Il semblait être le “parfait” meurtrier du policier blanc de Savannah, en Géorgie, en 1989. La famille du policier, aussi bien que le système judiciaire dans son ensemble, restèrent aveugle aux évidences de l’innocence de Davis. Au cours des années, de nombreux témoins se rétractèrent (expliquant comment ils avaient subi des pressions de la police) : aucune vraie preuve contre l’accusé n’a jamais été ensuite présentée. Des campagnes internationales ont été lancées, mais rien ne pouvait changer la décision du tribunal. Innocent ou pas, il était trop tard : Davis devait mourir. Le moment de l’exécution ne devait rien au hasard : avant des élections, les politiciens et le système aiment à montrer qu’ils sont durs avec la criminalité. Les préoccupations électorales dictent l’orientation des affaires liées à la peine de mort. Un autre condamné a été tué la même nuit, et trois autres vont bientôt être exécutés. Quelle farce cynique, indigne et honteuse. Et ils appellent cela un système démocratique ?

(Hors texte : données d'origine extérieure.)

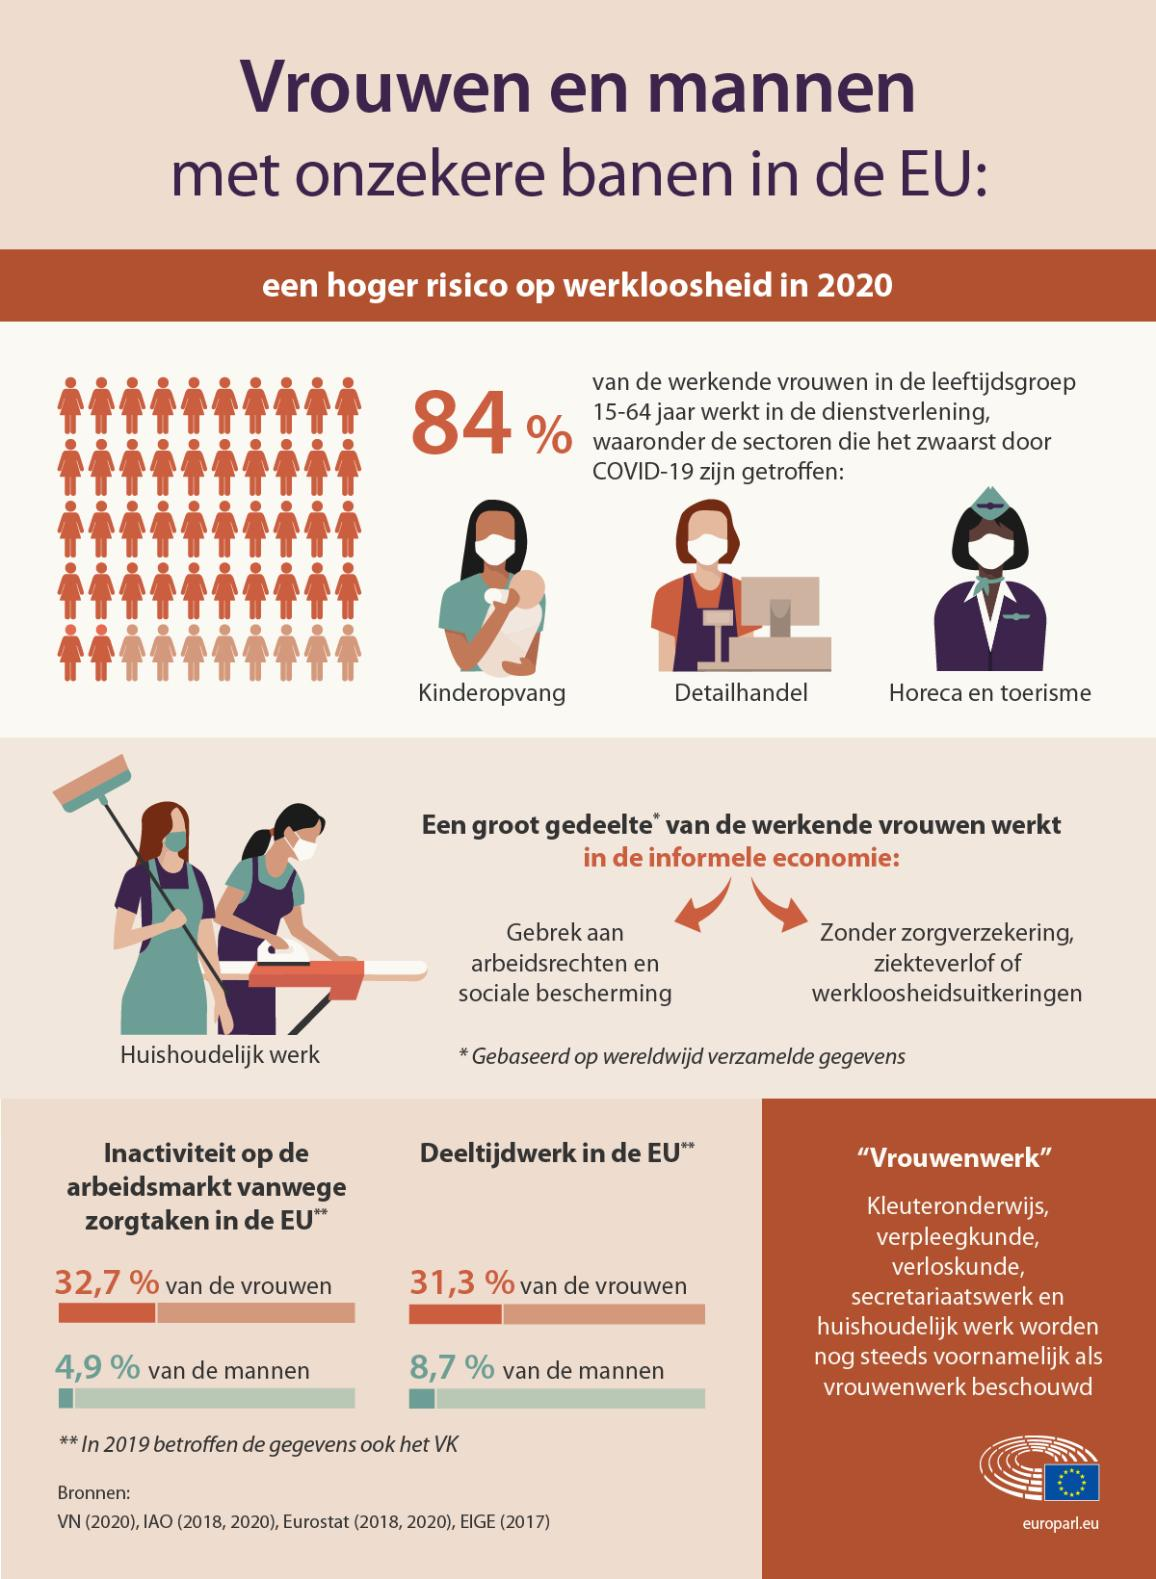 De infografiek laat zien dat vrouwen door de coronavirus-pandemie een groter risico lopen op werkloosheid en onzekere banen.

Troy Davis était noir et pauvre. Dans l’actuel système légal américain, s’il se trouve que vous êtes arrêtés, ces deux caractéristiques suffisent presque à déterminer votre culpabilité. Le “doute raisonnable” est surtout au service des femmes et des hommes blancs, comme Casey Anthony, et de celui de citoyens riches et célèbres, comme O.J. Simpson ou Dominique Strauss-Kahn. Dans l’Amérique de Barack Obama, l’injustice envers les pauvres citoyens afro-américains semble être enracinée dans le système.

Cependant, au delà de ces faits bien connus, et de l’insupportable manque de justice et d’équité, l’application de la peine de mort est en soi choquante. Nos actuels systèmes judiciaires, tant en Orient qu’en Occident, sont si imparfaits, et manquent tellement d’équité et de transparence, que l’on se demande comment des citoyens et des peuples civilisés peuvent accepter que des êtres humains soient exécutés en leur nom, qu’ils soient innocents ou coupables d’ailleurs. Nous avons tellement à reformer, tellement à améliorer nos procédures que nos lacunes devraient toujours bénéficier à l’accusé. Il vaut bien mieux se tromper en sa faveur que de tuer par erreur.

L’été dernier, nous avons été témoin d’un tel cas. Dix jours après le 11 Septembre, 2001, Mark Stroman a attaqué trois personnes qu’il pensait être musulmanes (l’une d’elles ne l’était pas), tuant deux d’entre elles. La troisième, un musulman américain originaire du Bangladesh, Rais Bhuiyan, fit semblant d’être mort et il survécut à l’agression. Stroman fut arrêté puis condamné à la mort. Il passa près de dix ans dans le couloir de la mort. Pendant ces dix ans, celui qui aurait dû être sa victime, Rais, tenta de préserver sa vie, en lui offrant son pardon et en demandant au pouvoir judiciaire d’arrêter sa machine infernale afin de le sauver. En dépit de l’engagement personnel de Rais, Stroman fut exécuté le 21 Juillet 2011 au Texas. Durant toutes ces années, Mark Stroman s’était profondément excusé et, par la force des choses, était devenu un autre homme lorsqu’il quitta ce monde. Rais Bhuiyan a été le vrai visage de la dignité et de la compassion, et, de fait, la personnification de la manière dont les valeurs islamiques et spirituelles peuvent transformer un cœur généreux. Cela est un bel exemple, bien plus profond et plus authentique de ce que l’islam représente, que les récentes exécutions en Arabie saoudite, par décapitation d’un soi-disant exorciste, ou en Iran, par pendaison d’un homme du haut d’une grue (comme c’est arrivé il y a quelques semaines). Le fait que ces deux sentences ont été produites par des systèmes judiciaires opaques, dans des pays où ni l’accusé ni son avocat (en assumant que l’accusé aie même droit à un avocat indépendant) ne peuvent se défendre correctement, ne fait qu’ajouter à la honte.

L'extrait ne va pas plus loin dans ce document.